### About this exercise
From the line below containing "Let it snow" to the final line, print each line exactly as written. No pictures belong in the copy.

### Supplied information
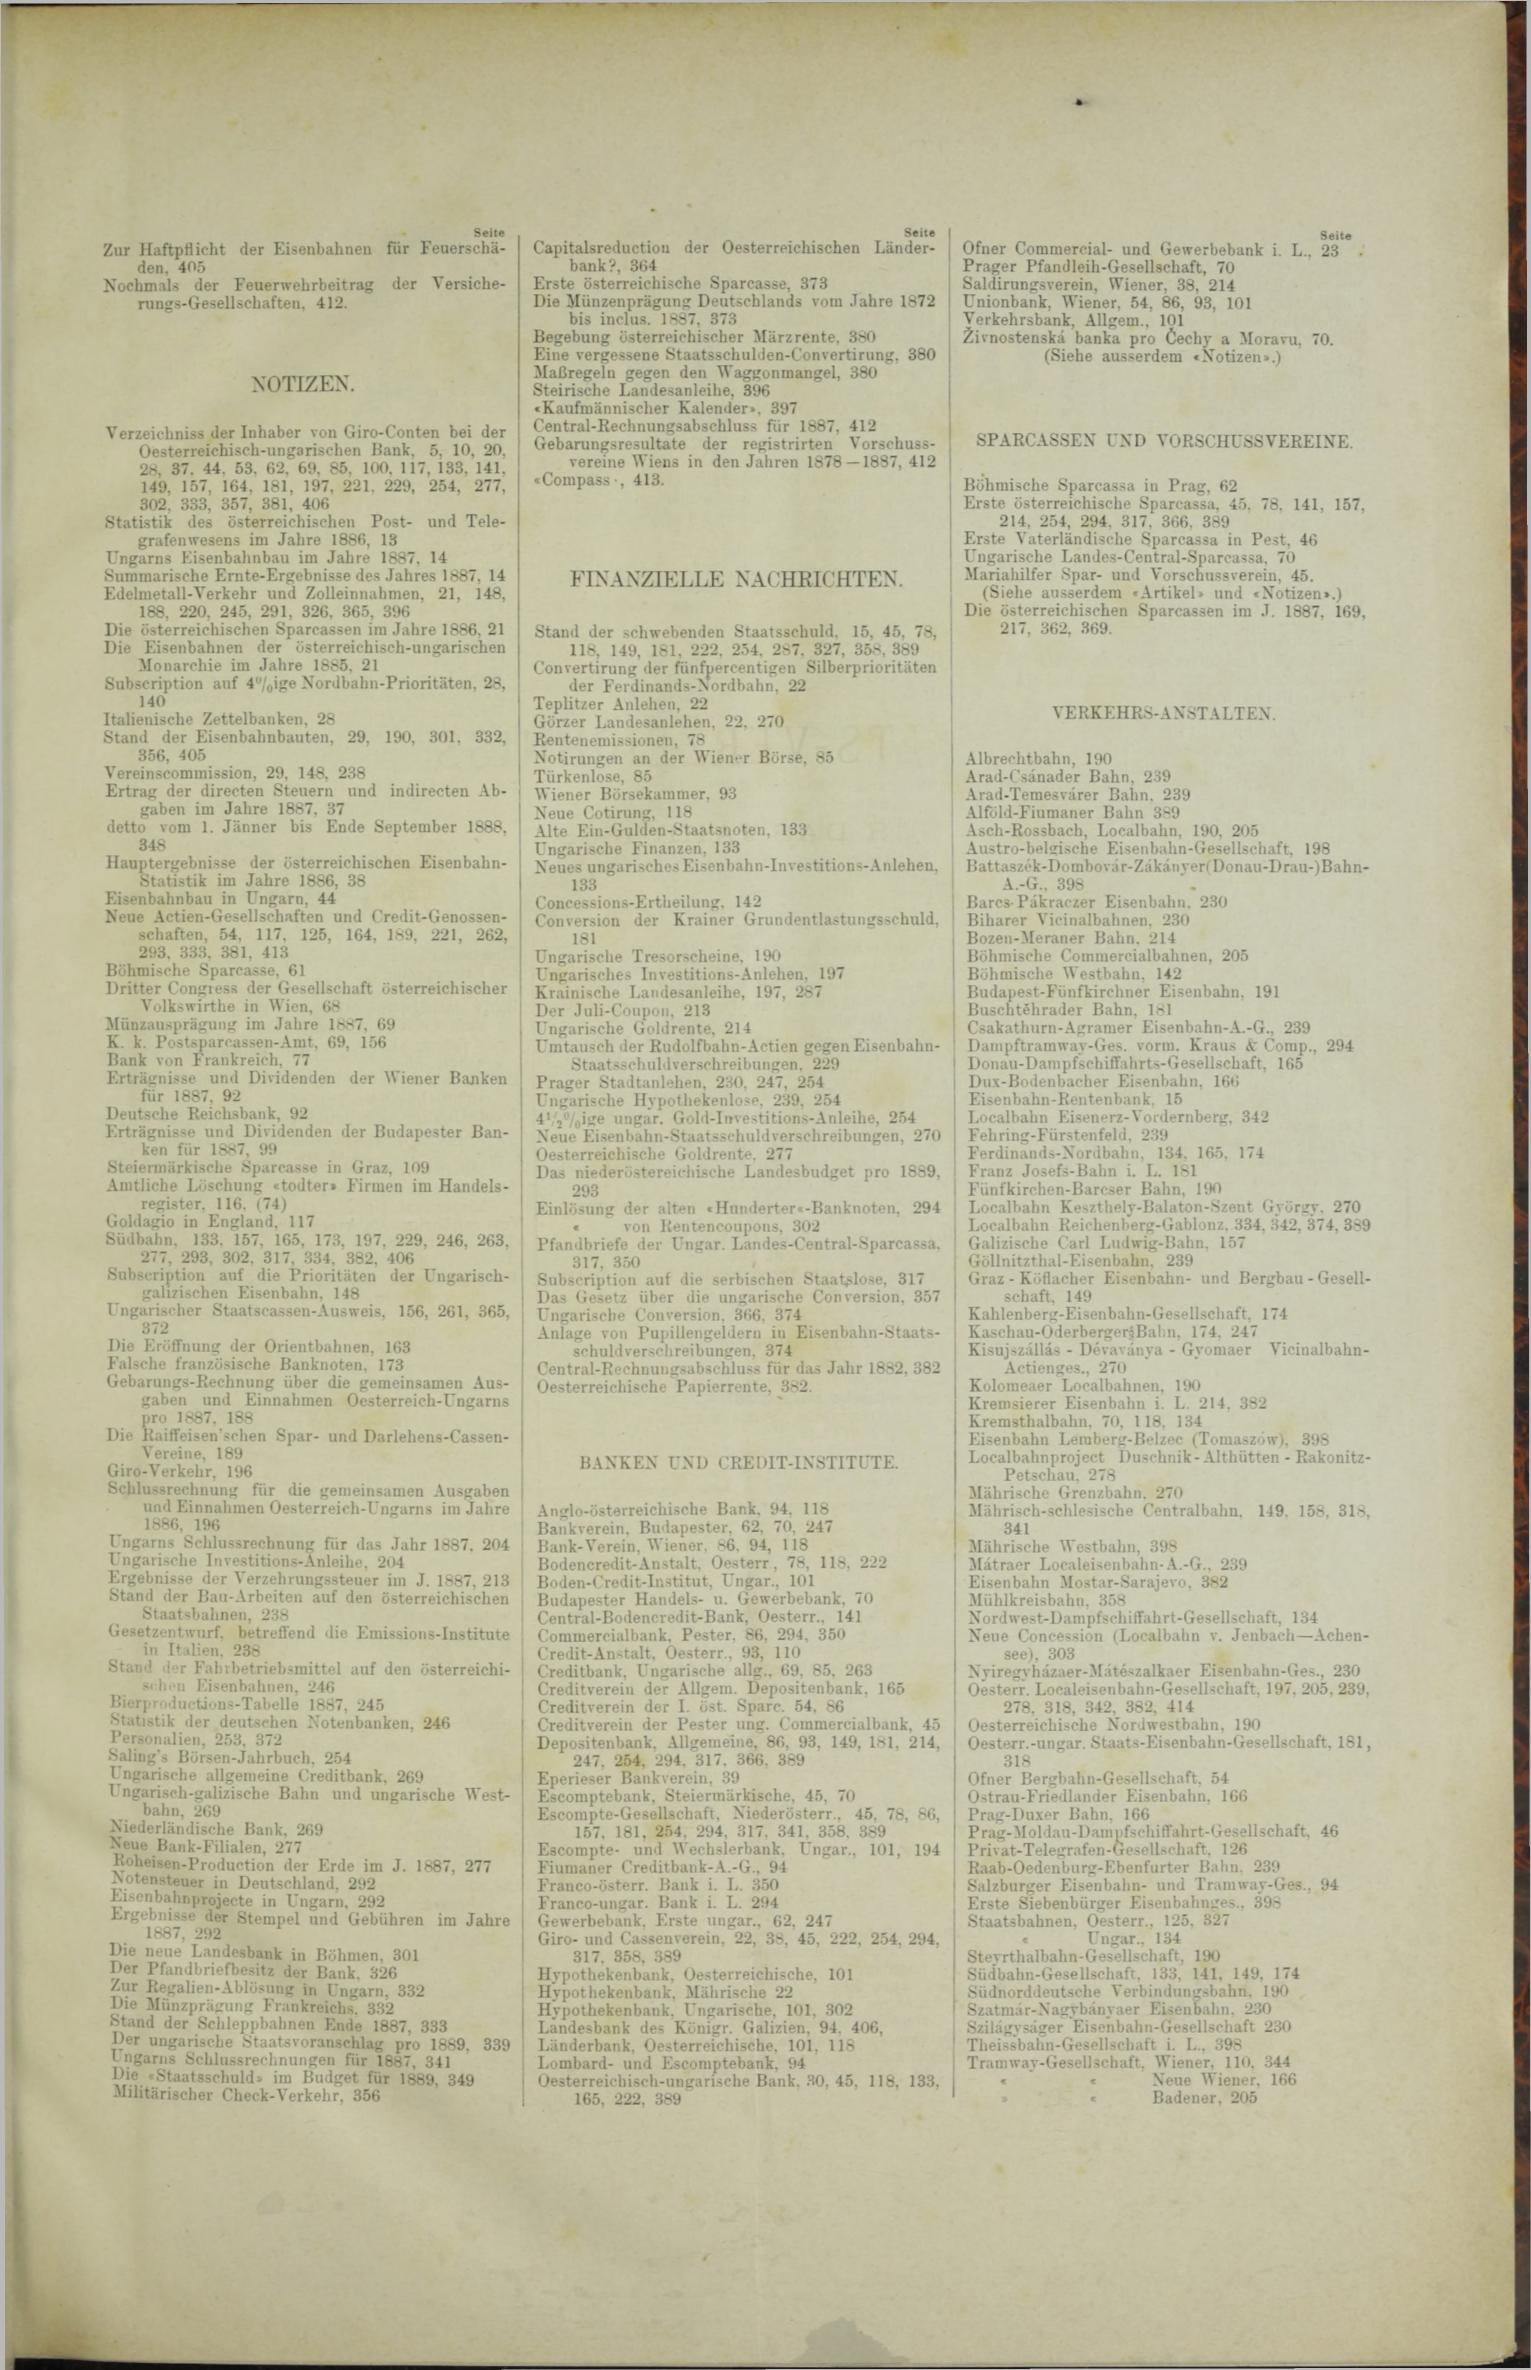 Der Tresor 10.05.1888 - Seite 11
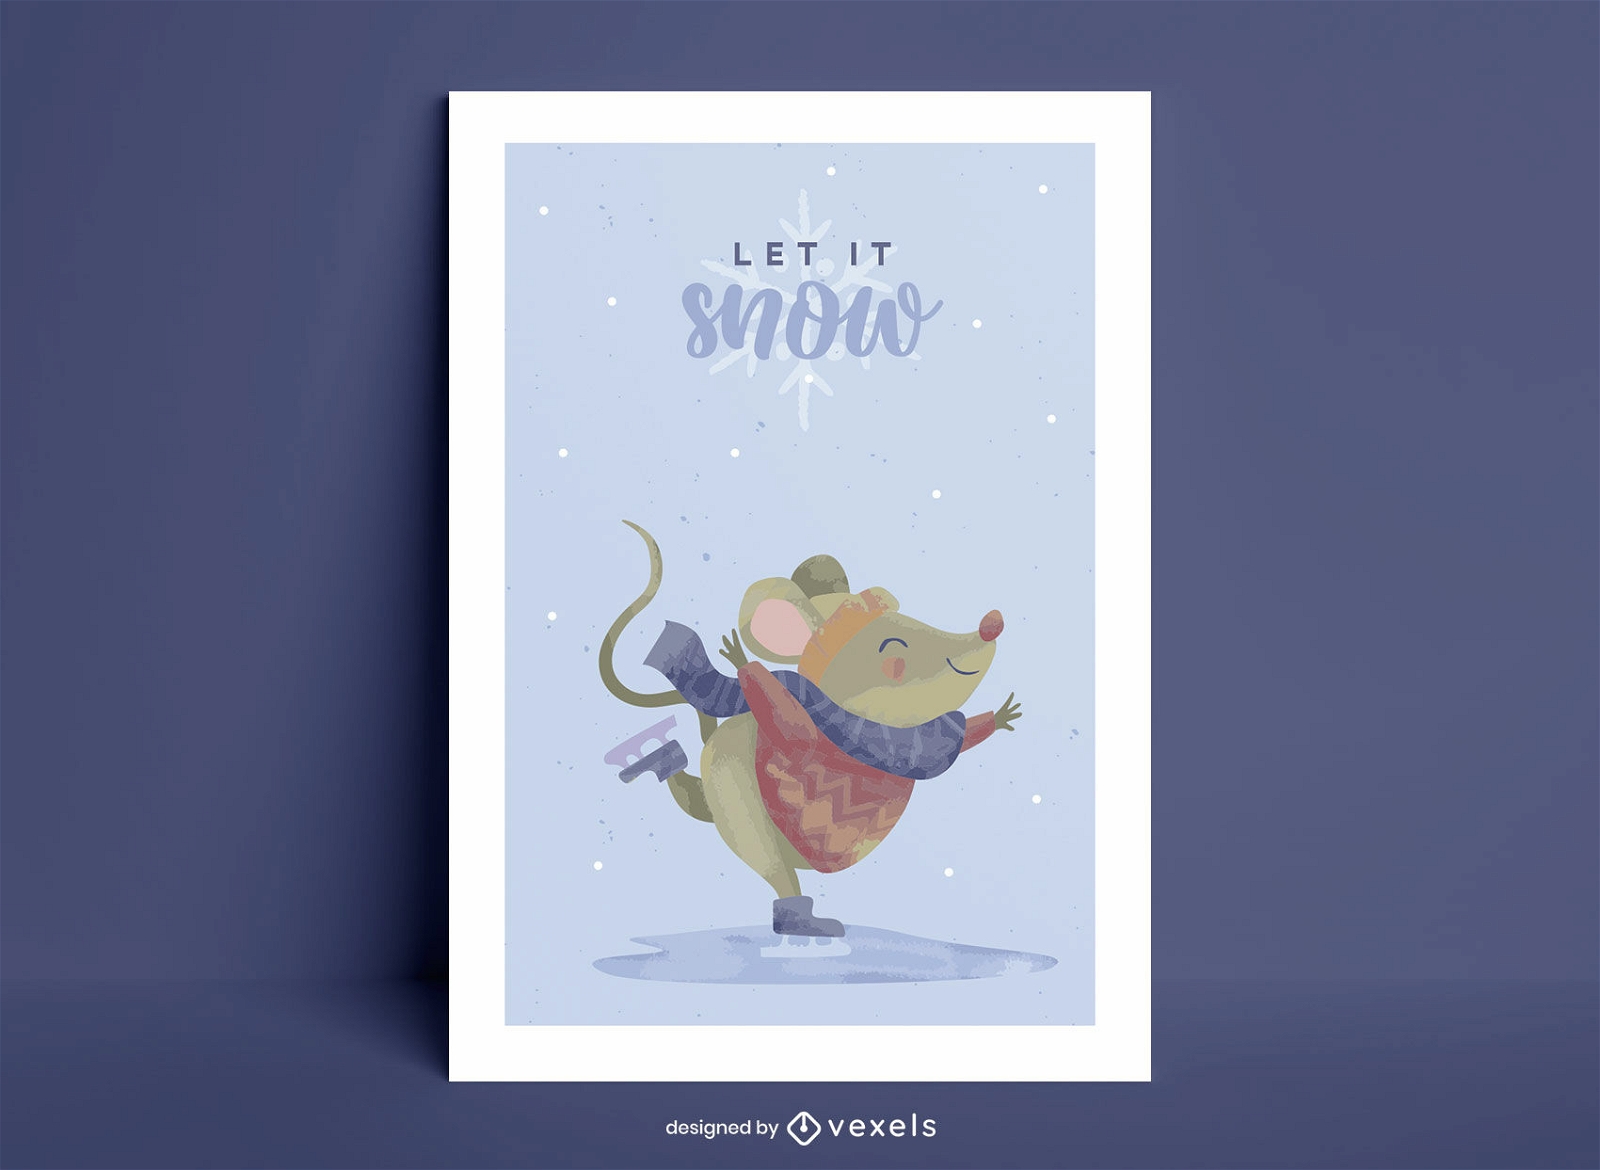 Let it snow mouse design de cartaz de citação
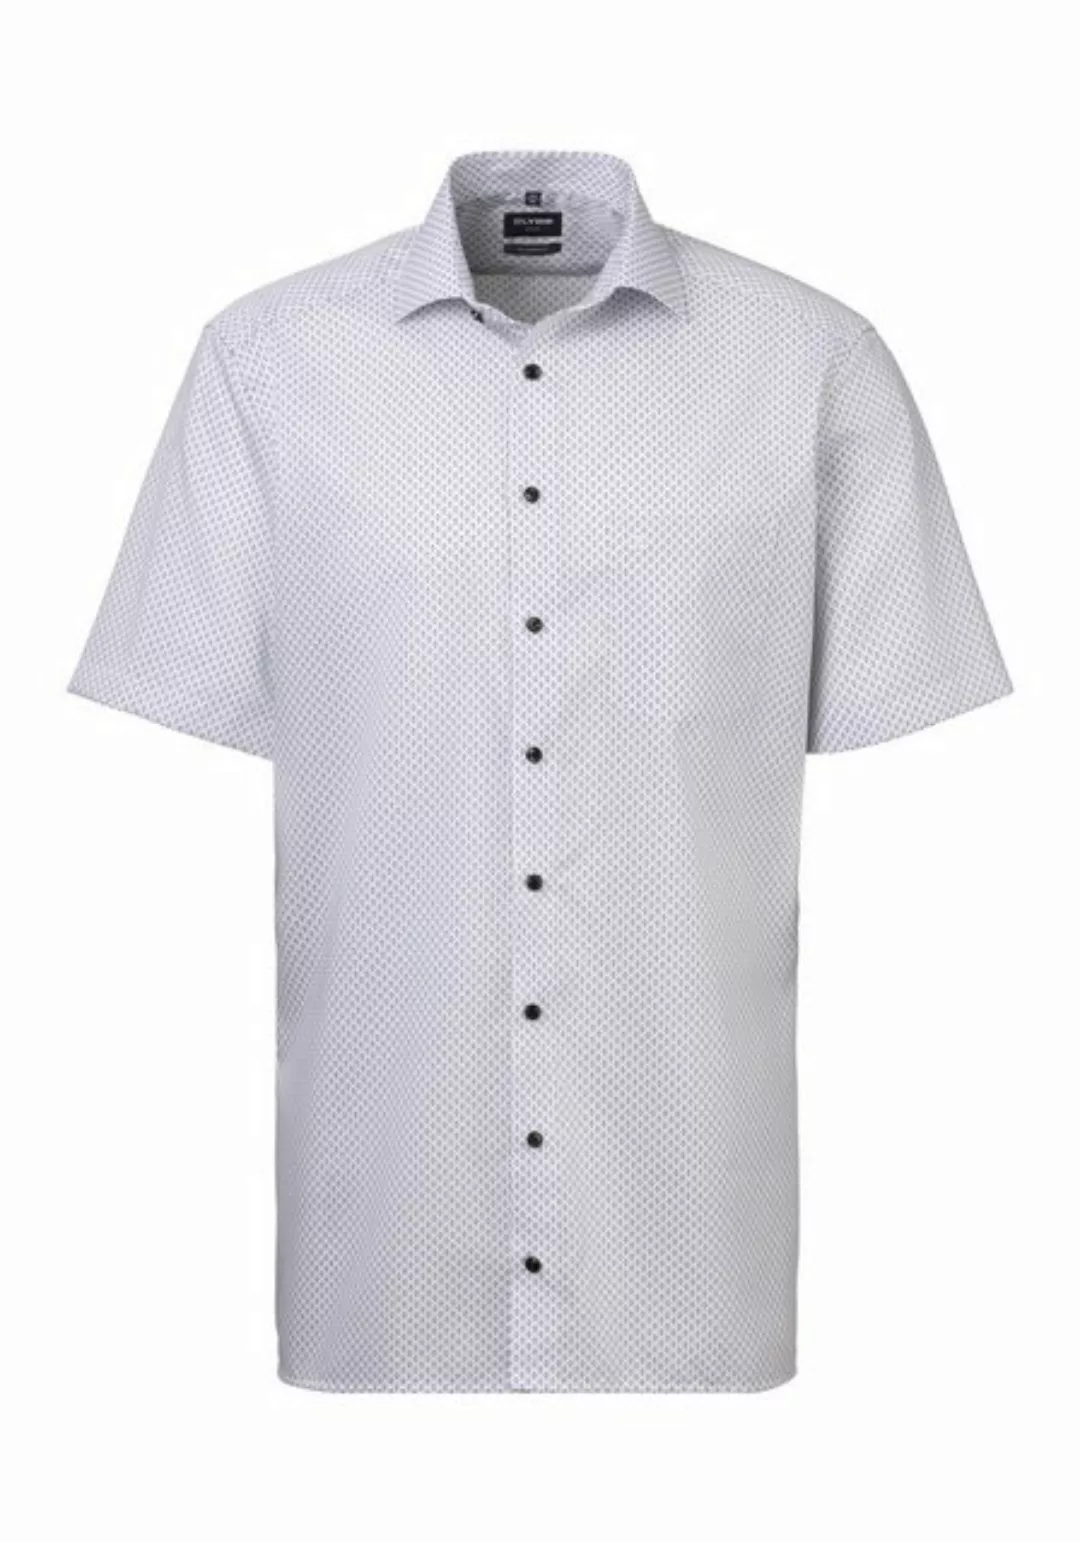 OLYMP Kurzarmhemd Luxor mit modischem Muster, Pflege- und Bügelleichtigkeit günstig online kaufen

### Written answer
 Let it snow mouse design de cartaz de citação
 OLYMP Kurzarmhemd Luxor mit modischem Muster, Pflege- und Bügelleichtigkeit günstig online kaufen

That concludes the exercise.